Net Interest Income. Net interest income increased by $216,000, or 1.6%, to $14.0 million for the three months ended March 31, 2007, from $13.8 million for the three months ended March 31, 2006. Our net interest rate spread increased by six basis points to 2.98% for the three months ended March 31, 2007, from 2.92% for the same period in 2006. Factors contributing to the increase in net interest income included a 19 basis point increase in our net interest margin to 3.84% for the three months ended March 31, 2007, a $62.5 million increase in average loans to $1.323 billion from $1.261 billion during the same period in 2006, a $133.3 million decrease in average investment securities available-for-sale to $112.2 million from $245.5 million during the same period in 2006, and a $36.6 million decrease in average interest-bearing liabilities to $1.120 billion, which included a 38.3% decrease in average borrowings, from $1.156 billion during the same period in 2006. Interest income increased $1.5 million, or 6.7%, to $23.8 million for the three months ended March 31, 2007, from $22.3 million for the three months ended March 31, 2006. The increase in interest income reflected a 62 basis point improvement in the average yield on interest-earning assets to 6.51% at March 31, 2007, from 5.89% at March 31, 2006, which was partially offset by $52.5 million, or 3.4%, decrease in total average interest-earning assets, to $1.481 billion for the three months ended March 31, 2007, from $1.534 billion for the same period in 2006.

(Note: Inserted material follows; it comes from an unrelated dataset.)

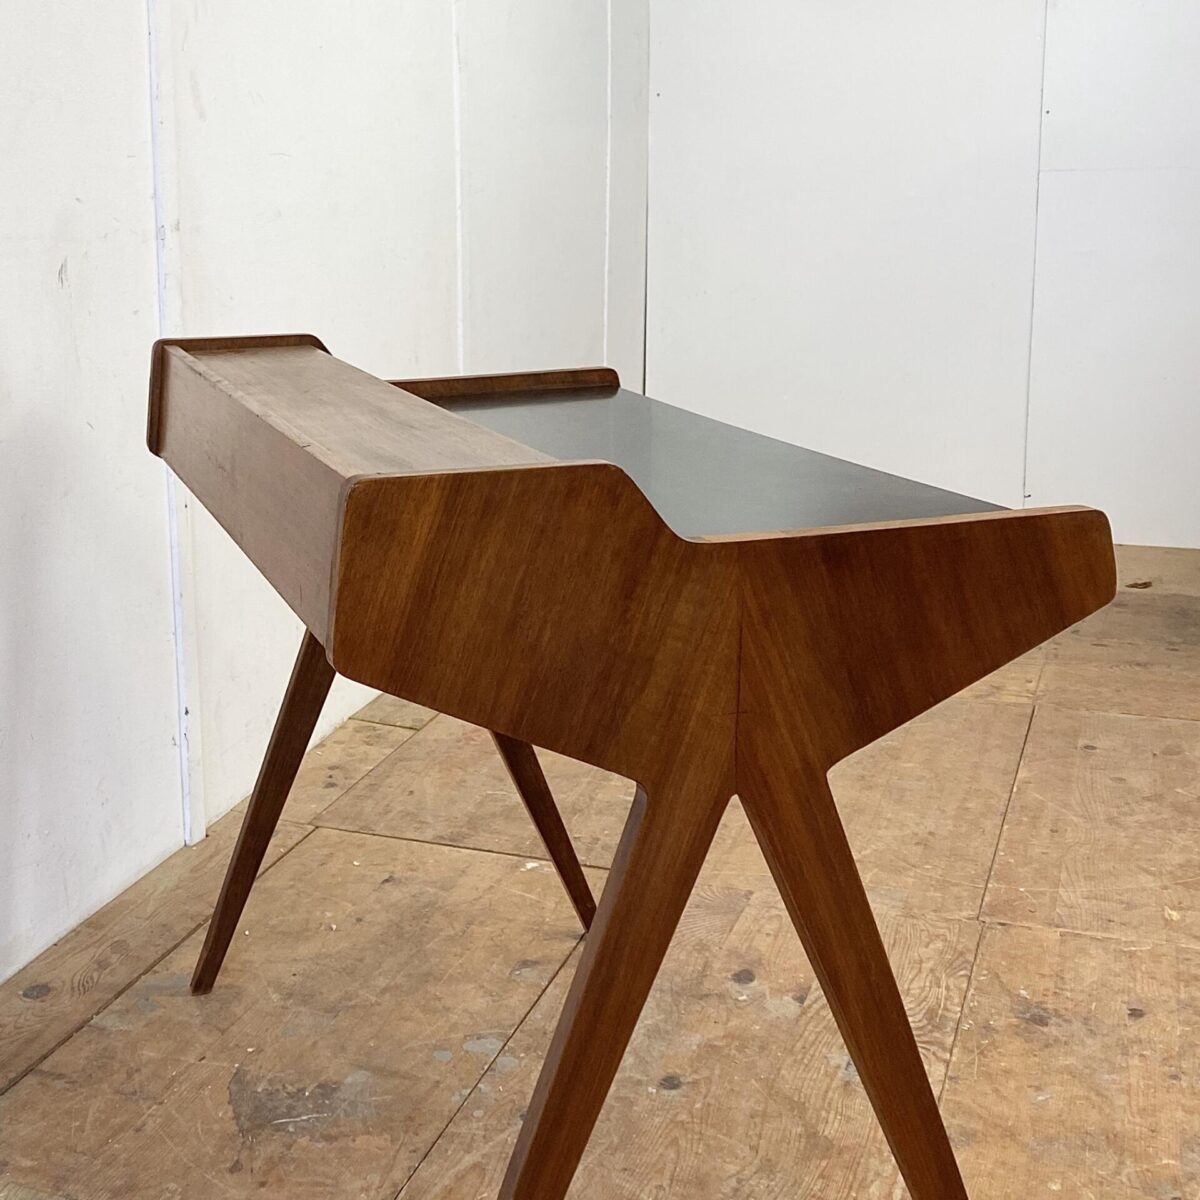 Vintage Nussbaum Schreibtisch. 105x60cm Tischhöhe 75cm. Die Tischfläche und die Schubladen Front ist mit schwarzem Kunstharz (Kelko) Beschichtet. Diverse Furnier Ausbrüche frisch eingesetzt.

Interest income from loans, the most significant portion of interest income, increased $2.2 million, or 11.0%, to $21.7 million for the three months ended March 31, 2007, from $19.6 million for the three months ended March 31, 2006. The increase in interest income on loans resulted primarily from a 36 basis point increase in the average yield on loans to 6.66% for the three months ended March 31, 2007, from 6.30% for the same period in 2006, due to higher market interest rates, and a $62.5 million, or 5.0%, increase in the average balance of loans outstanding to $1.323 billion for the three months ended March 31, 2007, from $1.261 billion for the same period in 2006.

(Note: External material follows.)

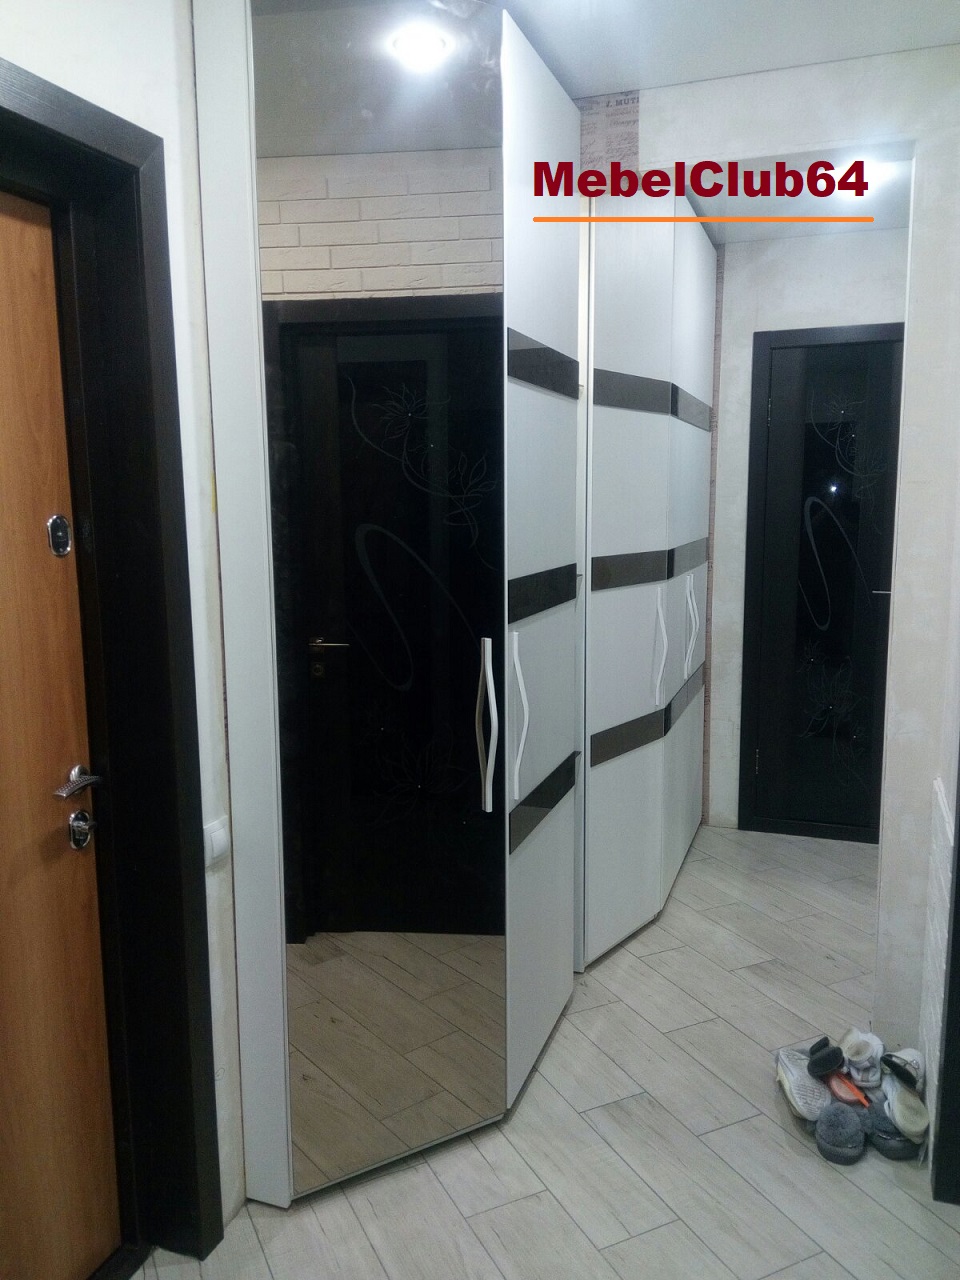 картинка 2 Распашных шкафа со стеклянными полками между ними (Заказ № 121 от 23.08.20) от сети мебельных салонов MebelClub

Interest income from securities available for sale decreased by $972,000, or 38.9%, to $1.5 million for the three months ended March 31, 2007, from $2.5 million for the three months ended March 31, 2006, due in part to a decrease of $133.3 million, or 54.3%, in the average outstanding balance of securities available for sale to $112.2 million for the three months ended March 31, 2007, from $245.5 million for the same period in 2006. We decided to reduce our portfolio of investment securities available-for-sale throughout 2006 to eliminate certain lower yielding securities and configure our balance sheet in a way that was better positioned for a flat or inverted yield curve environment. Partially offsetting the decrease in average balances in securities available-for-sale was a 139 basis point increase in the yield on securities available-for-sale to 5.51% for the three months ended March 31, 2007, from 4.12% for the same period in 2006.

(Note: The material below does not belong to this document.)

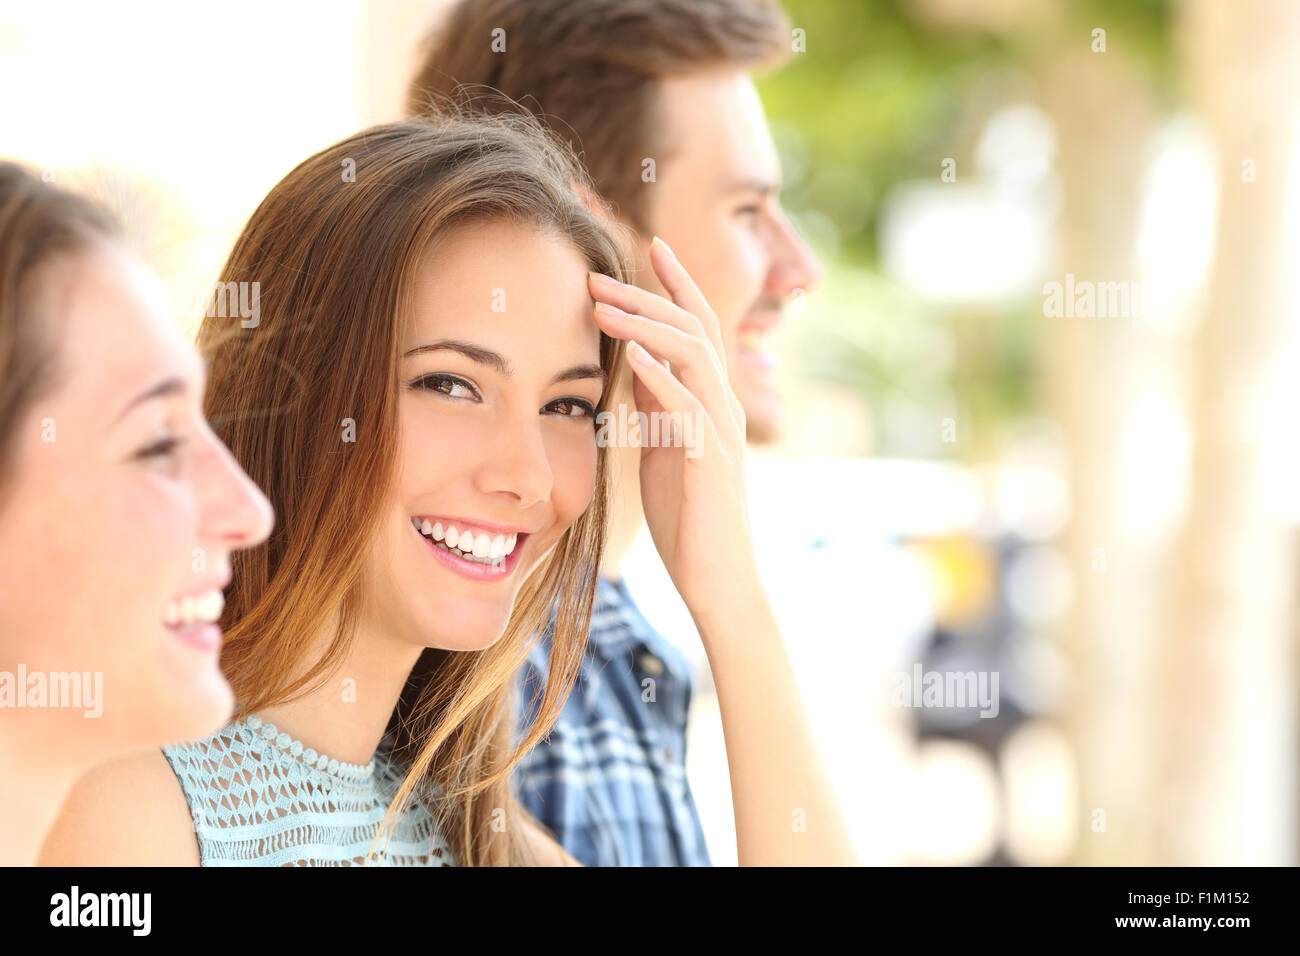 La bellezza della donna con sorriso bianco e denti tra amici per la strada Foto Stock

Income from cash dividends on our Federal Home Loan Bank of Chicago common stock totaled $143,000 for the three months ended March 31, 2007, compared to cash dividends of $192,000 for the three months ended March 31, 2006. The decrease was primarily attributable to the redemption of $9.8 million of our excess Federal Home Loan Bank of Chicago common stock since March 31, 2006.

Interest income from cash that we maintained in interest bearing deposits totaled $385,000 for the three months ended March 31, 2007, compared to $22,000 for the three months ended March 31, 2006. The increase was primarily due to a $28.2 million increase in the average balances of cash maintained in interest bearing deposits and a 97 basis point increase in the yield on interest bearing deposits to 5.15% for the three months ended March 31, 2007, from 4.18% for the same period in 2006.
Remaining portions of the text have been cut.